• **DATA SUPPLIED**
- Opening Delimiter -

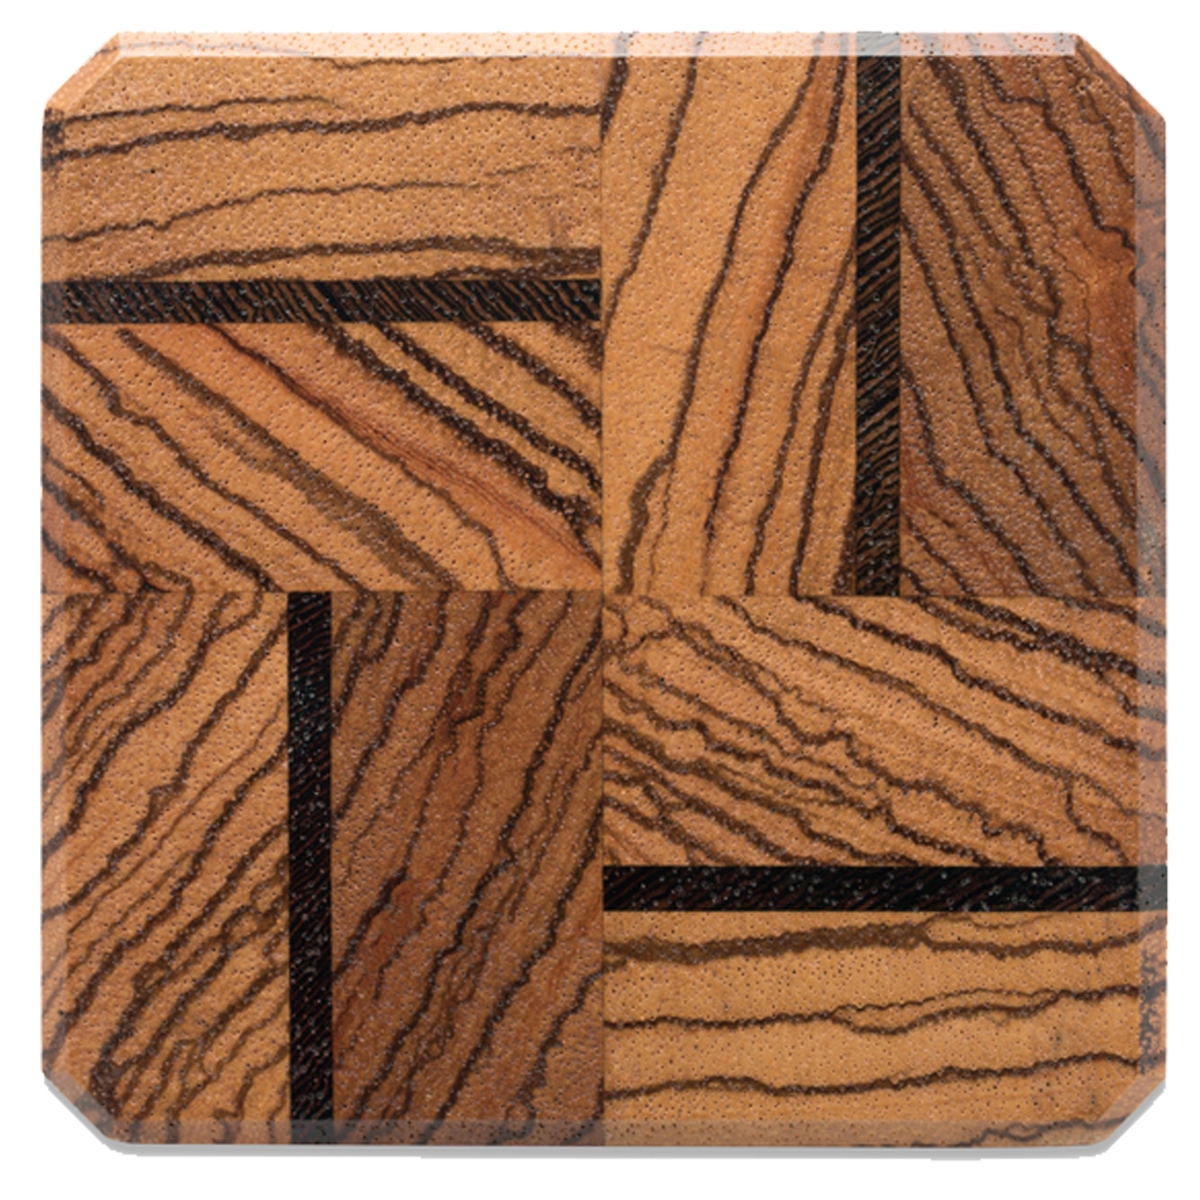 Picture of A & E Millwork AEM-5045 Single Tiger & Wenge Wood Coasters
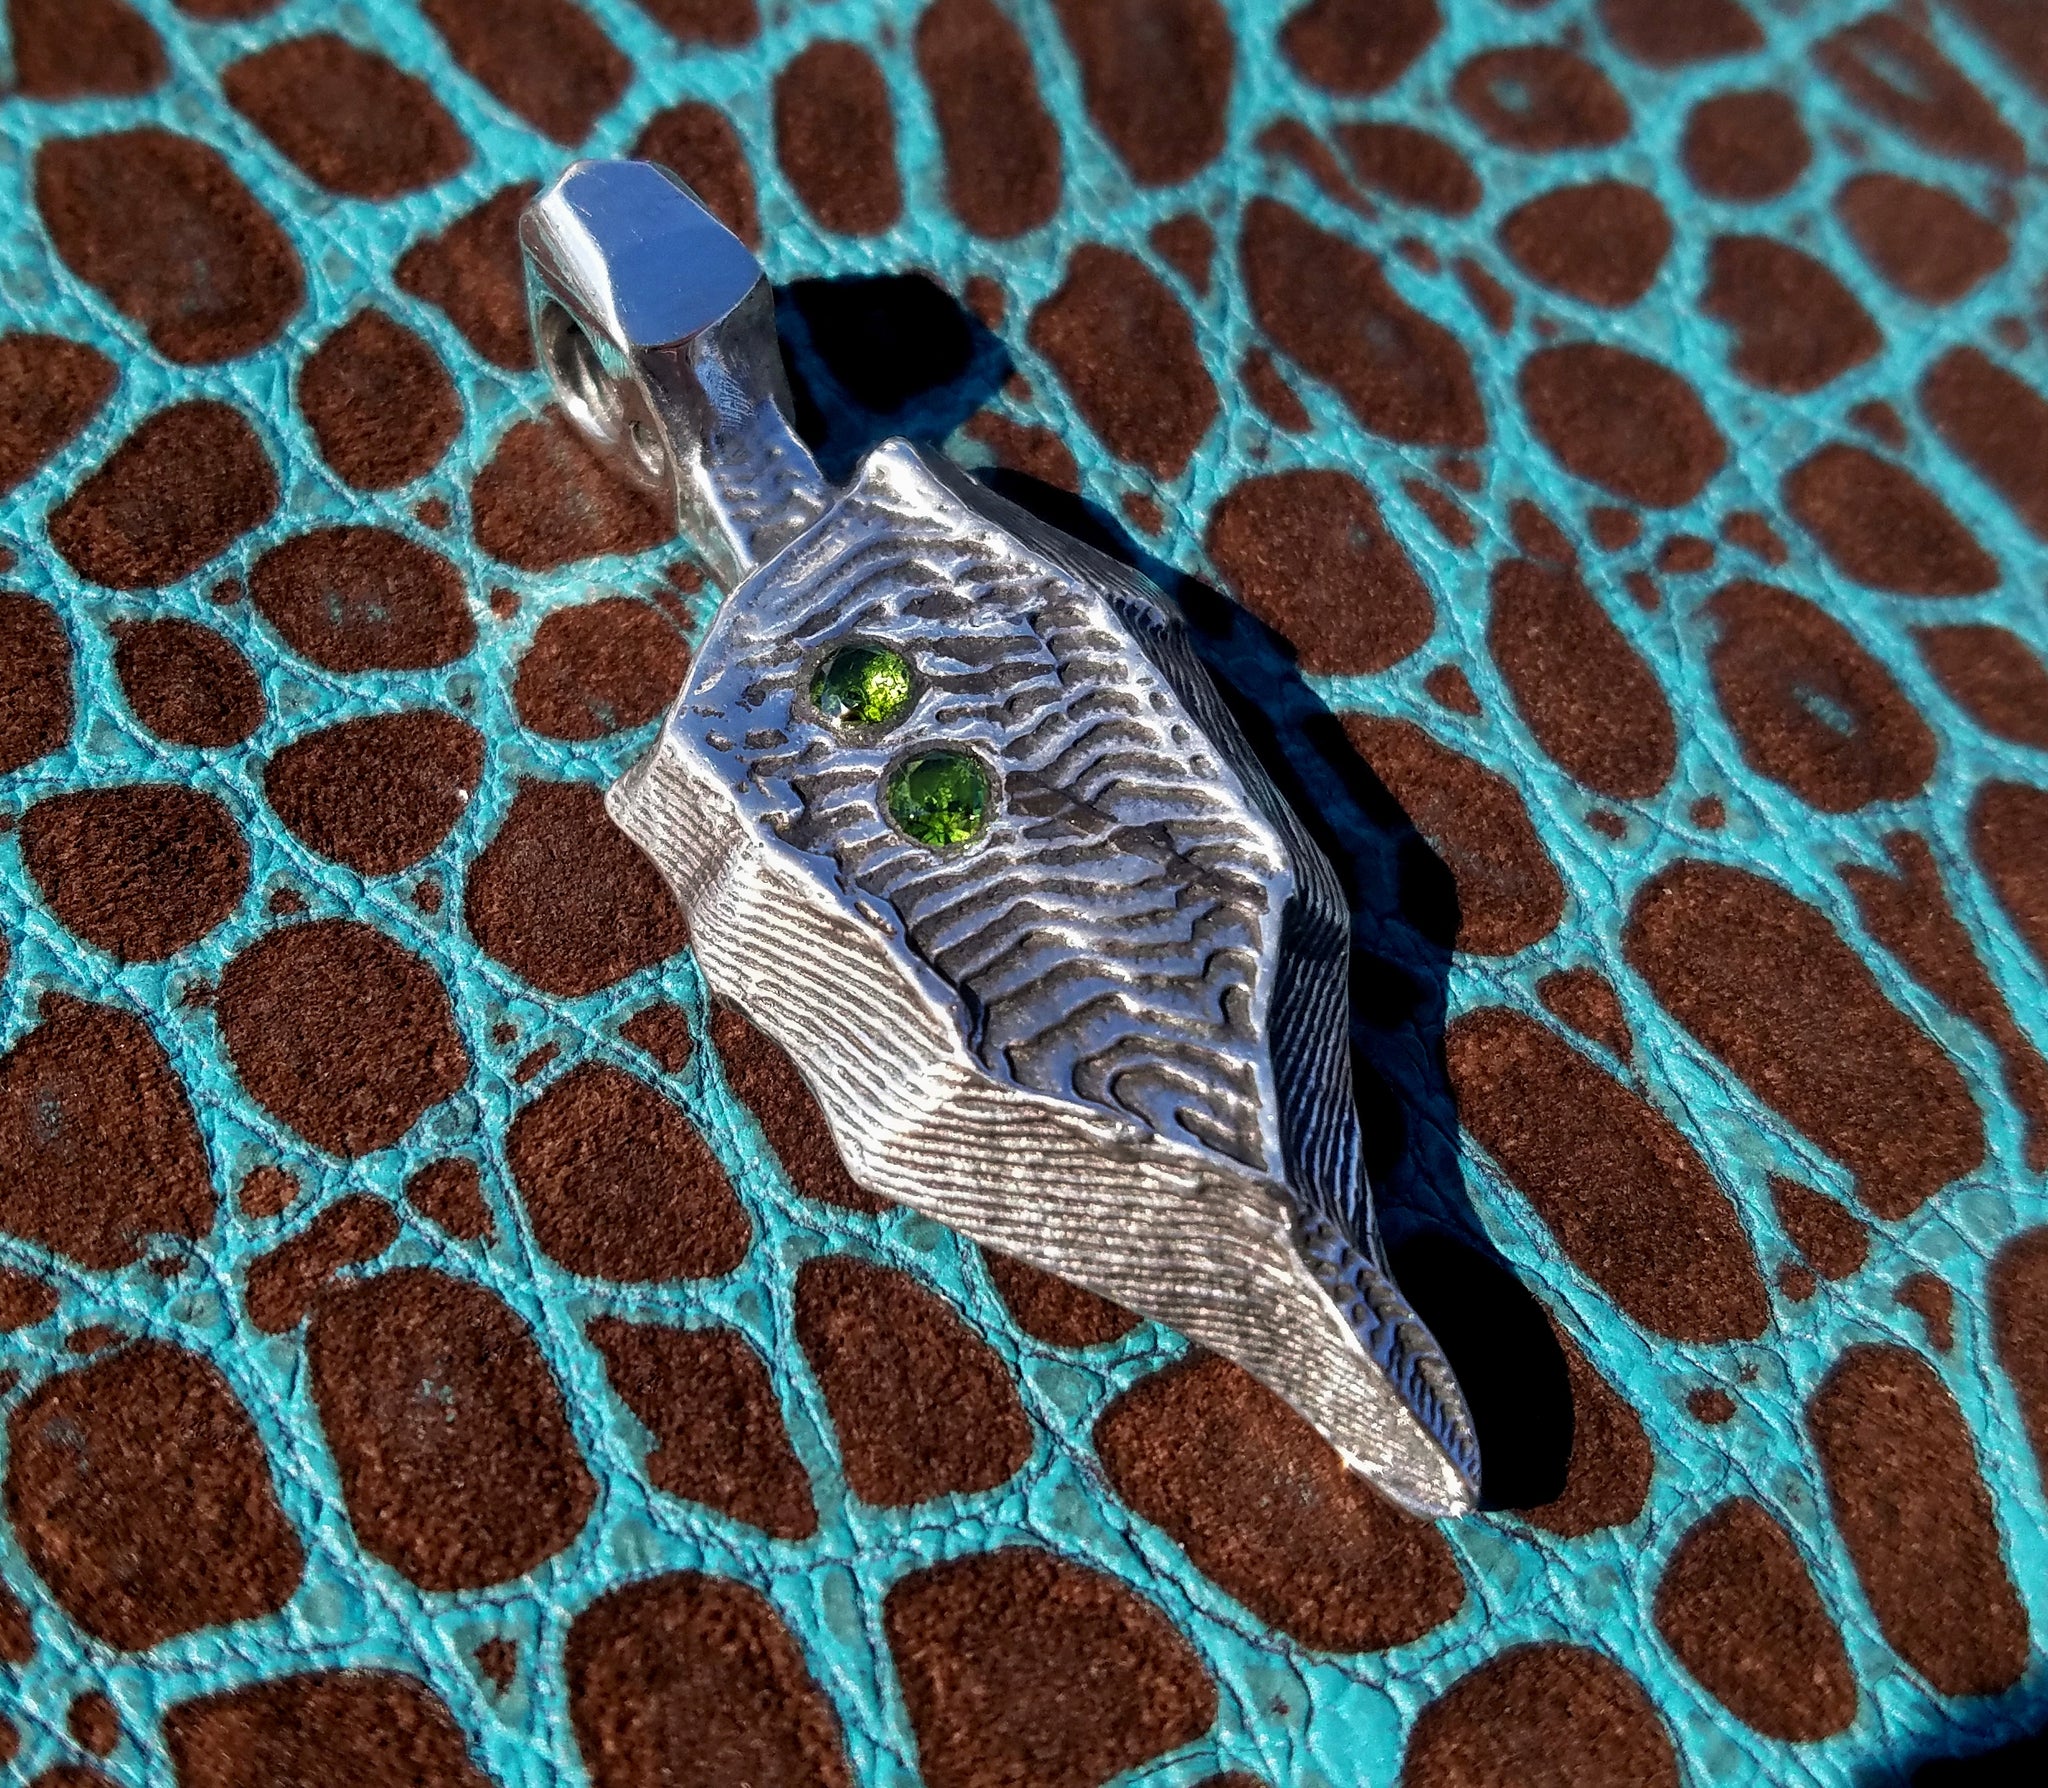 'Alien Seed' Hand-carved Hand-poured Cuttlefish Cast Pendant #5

- Closing Delimiter -
- Opening Delimiter -

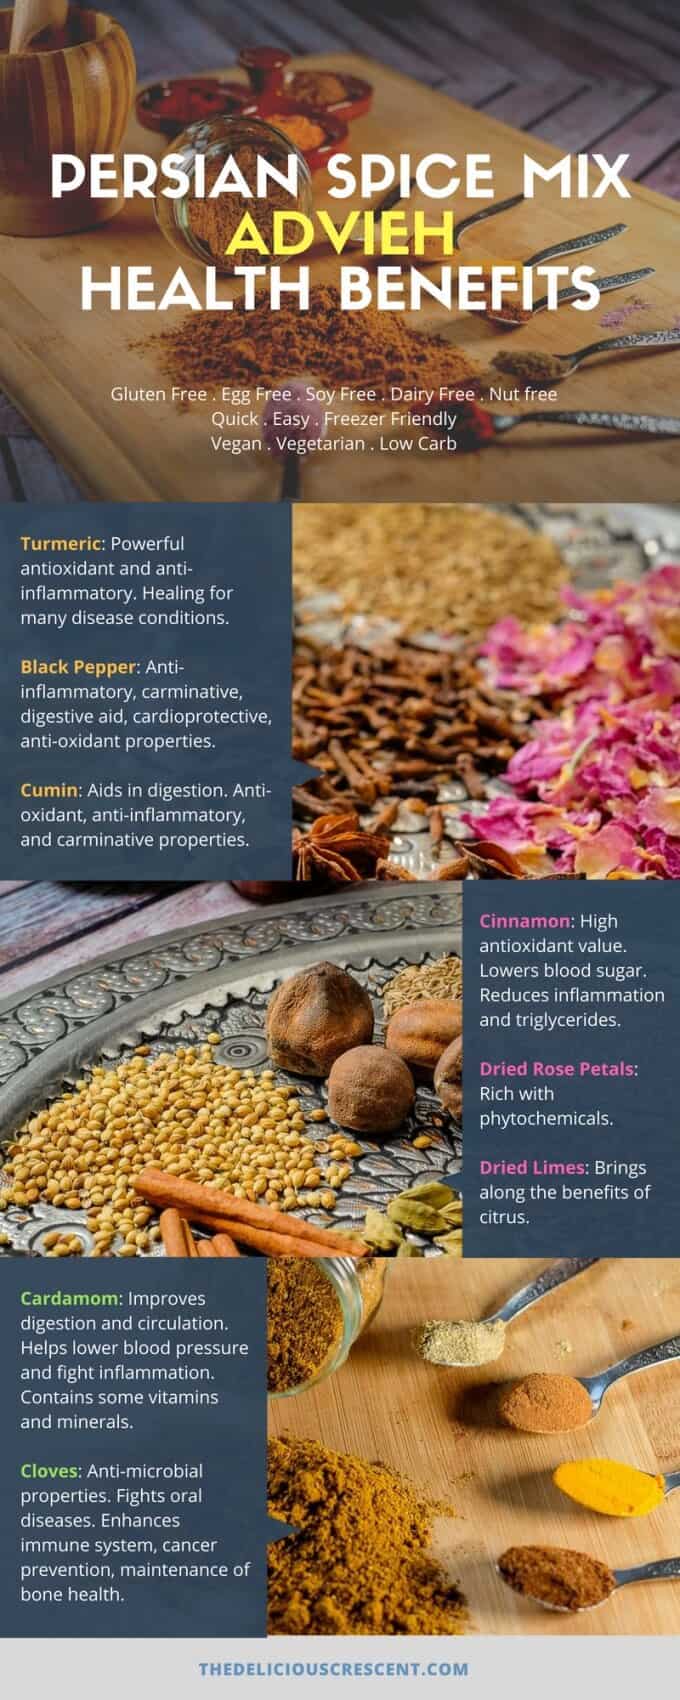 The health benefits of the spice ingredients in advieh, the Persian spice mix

- Closing Delimiter -

• **TASK DIRECTIONS**
With the pictures left out, write out exactly the lines above from the one containing "Picture of A" through the one containing "Cast Pendant #5".

• **FINISHED TASK**
 Picture of A & E Millwork AEM-5045 Single Tiger & Wenge Wood Coasters
 'Alien Seed' Hand-carved Hand-poured Cuttlefish Cast Pendant #5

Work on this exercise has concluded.